Over the past few years, there has been a growing trend of trying to leverage video games as medical interventions in rehabilitation spaces. This trend has taken many names–gamification, serious games, etc.–but these names also apply to applications and concepts beyond the medical field. We’ll simply use the term Video Game Therapy to mean video games used and/or designed explicitly for self-improvement in the light of some medically-recognized condition. The applications are still broad. Therapy games can be used for addiction recovery, physical and occupational therapy, mental health management, and much much more. In this post I want to talk a bit about my work in this space. The post will be largely introductory, but I want to talk about some specific social factors that can dramatically affect the success of a therapy game that aren’t immediately apparent.

Identity in Gaming

Using video games for healing is a very personal topic for me.

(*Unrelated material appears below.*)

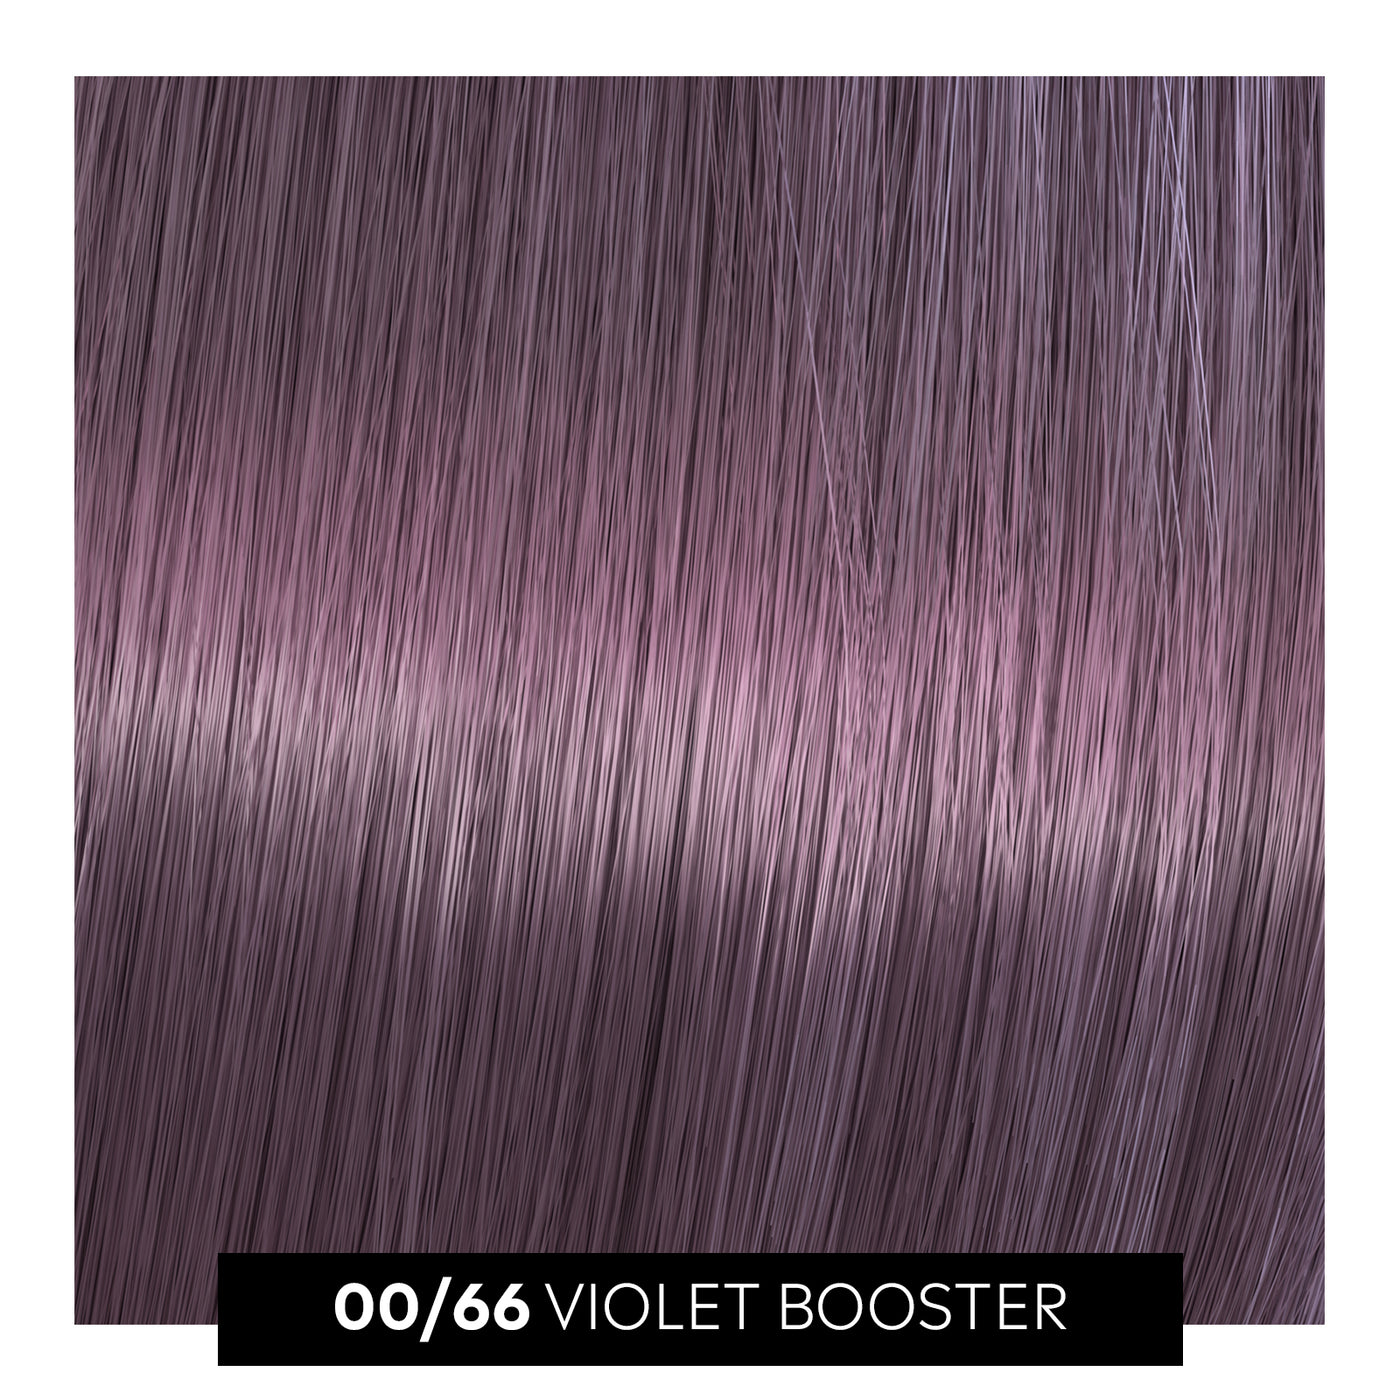 00/66 violet booster

During my senior year of college oh those many years ago, I was diagnosed with a pretty serious endocrine disorder. This disorder adversely affected both my physical and mental health: my resting heart rate was 140 bpm; my personality was awful; I couldn’t sleep, couldn’t focus. Eventually, with one semester until graduation, I was forced to take a medical leave of absence.

The impact of leaving school was dramatic for me. All of my social structure was built around my university. All my friends were there. All my dreams hinged upon going to grad school. I had a strong identity as a student and as an academic. The summer before my diagnosis, I had a prestigious research fellowship studying fusion energy at Princeton. And I was beginning to understand my sexuality, if not my gender. That year, I had started coming out to close friends as bisexual. When I got sick, all of that changed.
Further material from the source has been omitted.